In this case, the caretmodel object already has the trained model with k = 11, therefore we do not attempt to retrain the model with the best hyperparameter. To check the final model, you can query the model object with the code:
caretmodel$finalModel
This will result in the following output:
11-nearest neighbor model
Training set outcome distribution:
No Yes
1233 237
The next step is to save your best models to a file so that we can load them up later and make predictions on unseen data. A model can be saved to a local directory using the saveRDS R command:
# save the model to disk
saveRDS(caretmodel, "production_model.rds")
In this case, the caretmodel is saved as production_model.rds in the working directory. The model is now serialized as a file that can be loaded anytime and it can be used to score unseen data. Loading and scoring can be achieved through the following R code:
# Set the working directory to the directory where the saved .rds file is located
setwd("~/Desktop/chapter 15")
#Load the model
loaded_model <- readRDS("production_model.rds")
#Using the loaded model to make predictions on unseen data
final_predictions <- predict(loaded_model, unseen_data)

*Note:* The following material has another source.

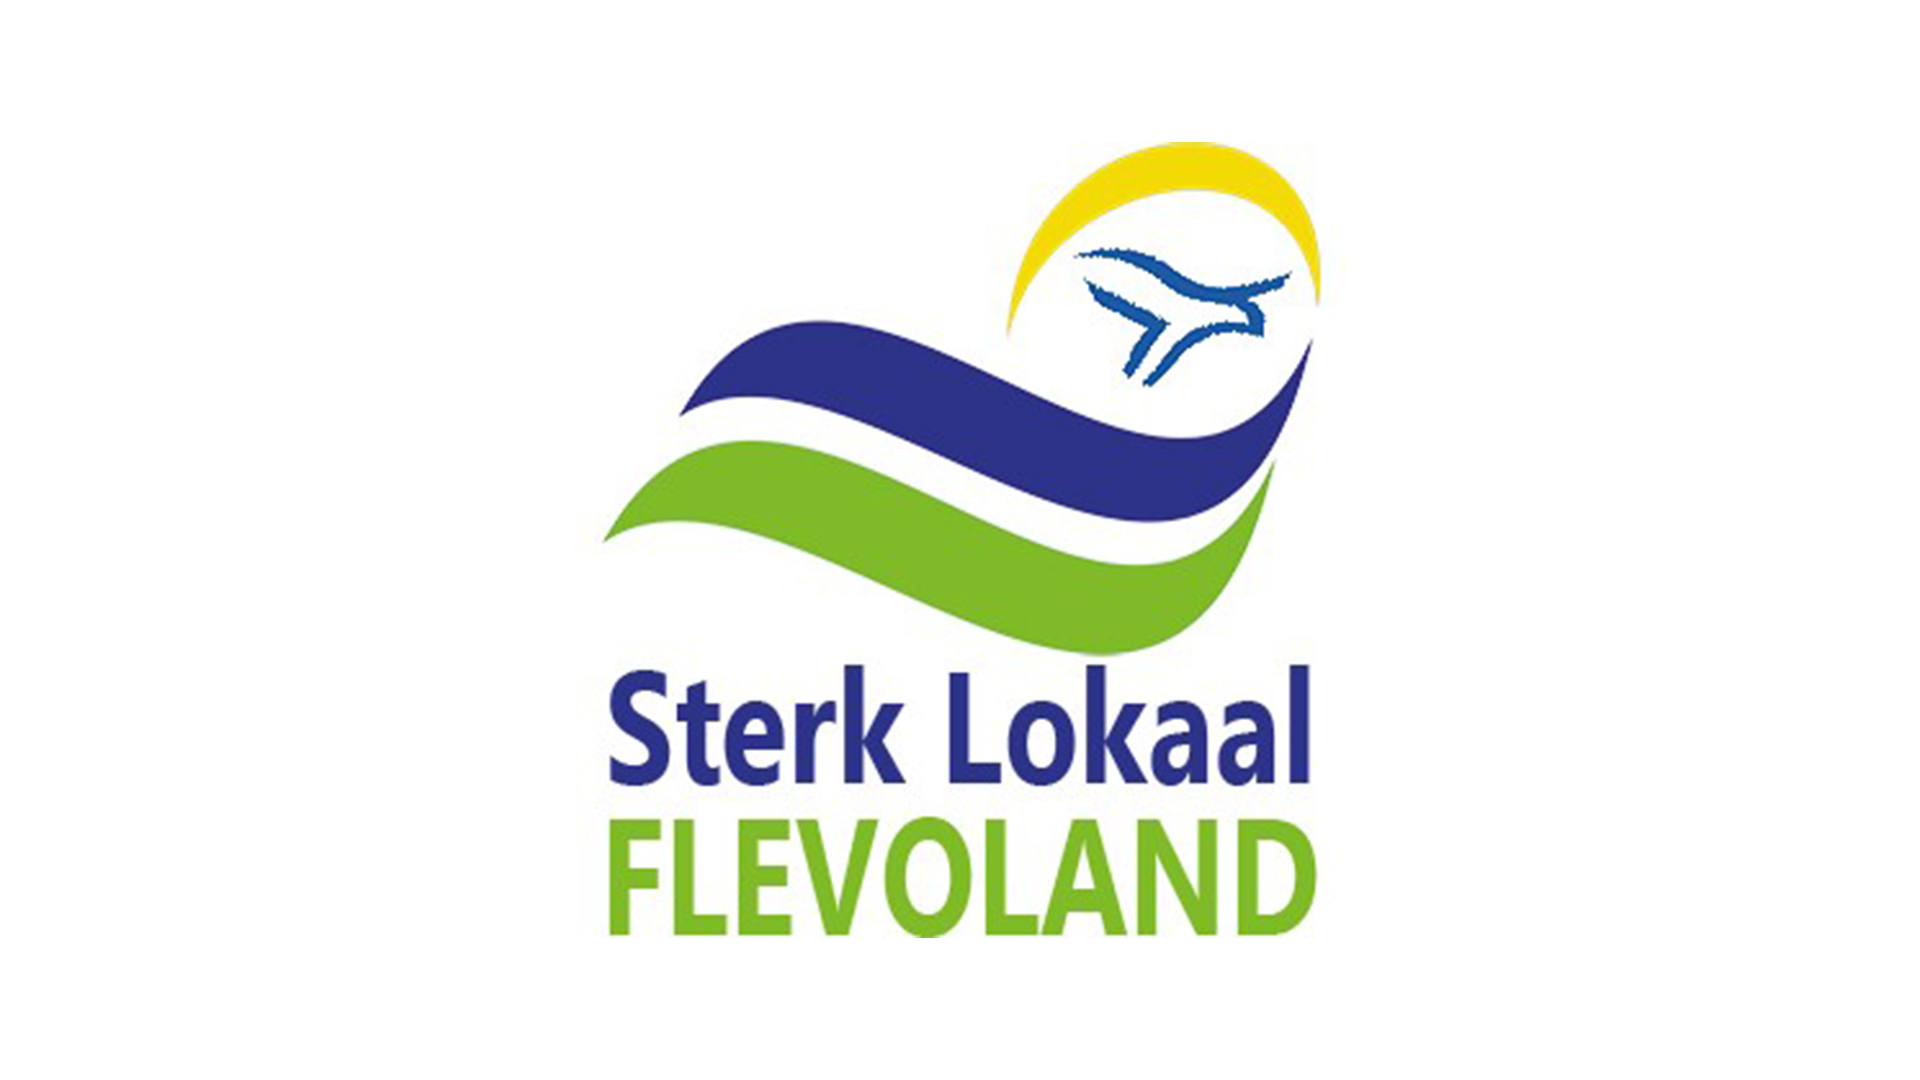 SLF logo
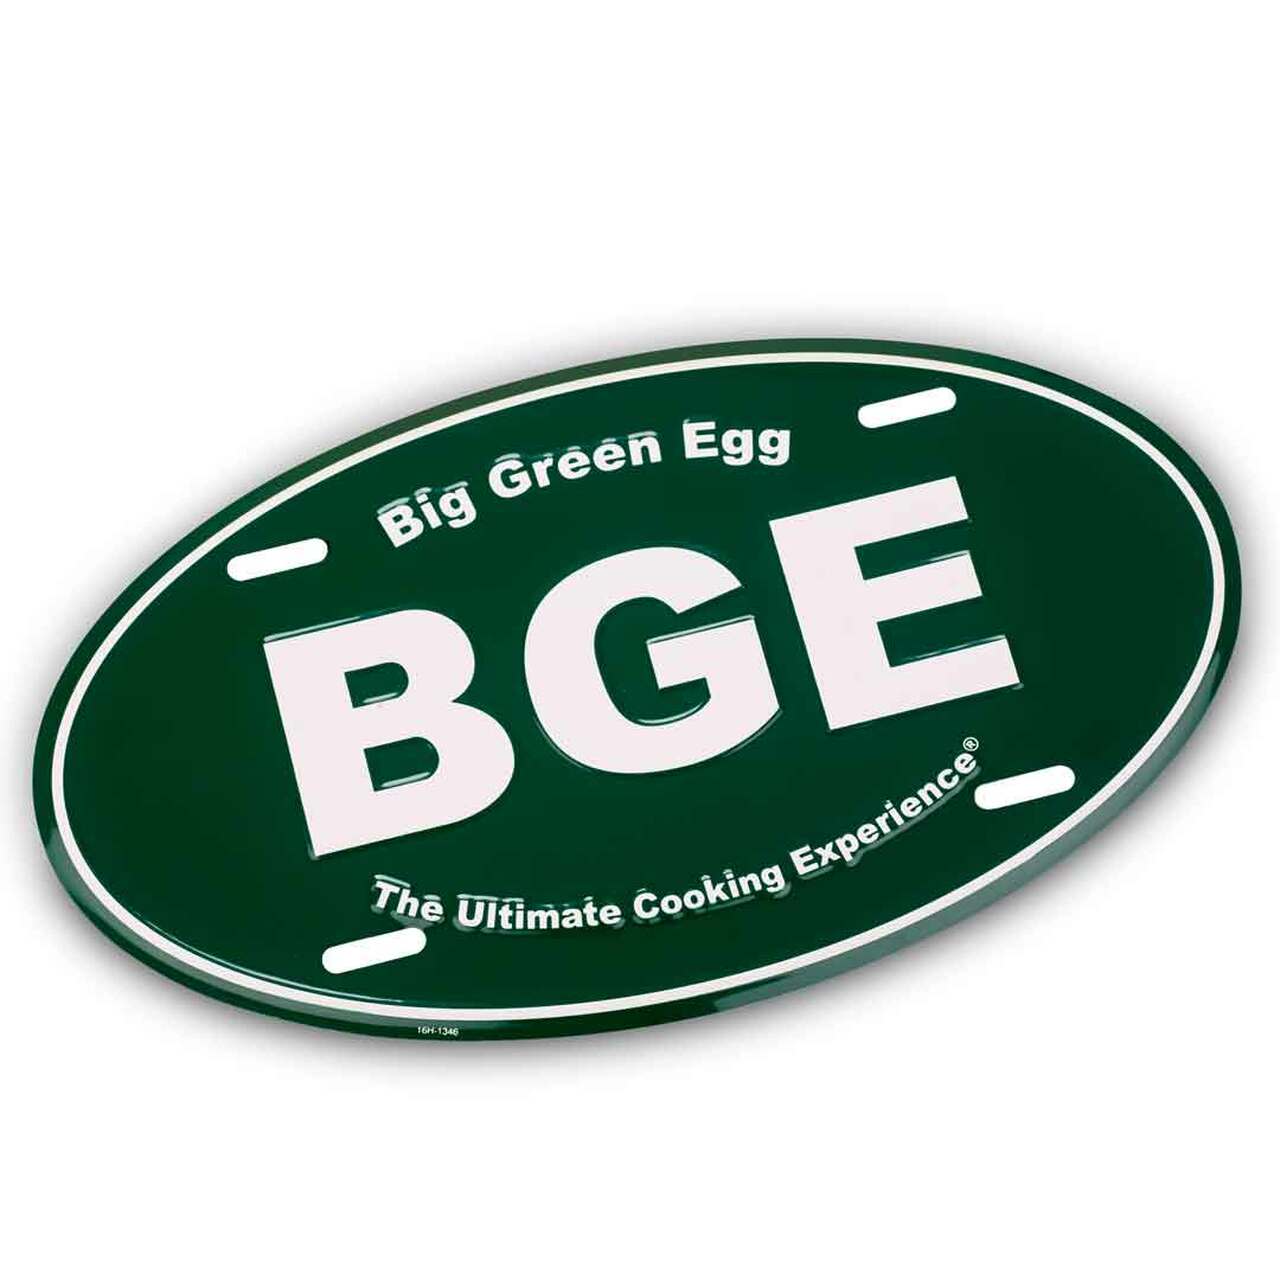 Big Green Egg Oval Sign - Green

The part of the code where the final model is trained on the entire dataset, saving the model, reloading it from the file whenever required and scoring the unseen data collectively, is termed as building an ML productionalization pipeline. This pipeline remains the same for all ML models irrespective of the fact that the model is built using one single algorithm or using an ensembling technique. Therefore, in the later sections when we implement the various ensembling techniques, we will not cover the productionalization pipeline but just stop at obtaining the performance measurement through 10-fold cross validation repeated 10 times.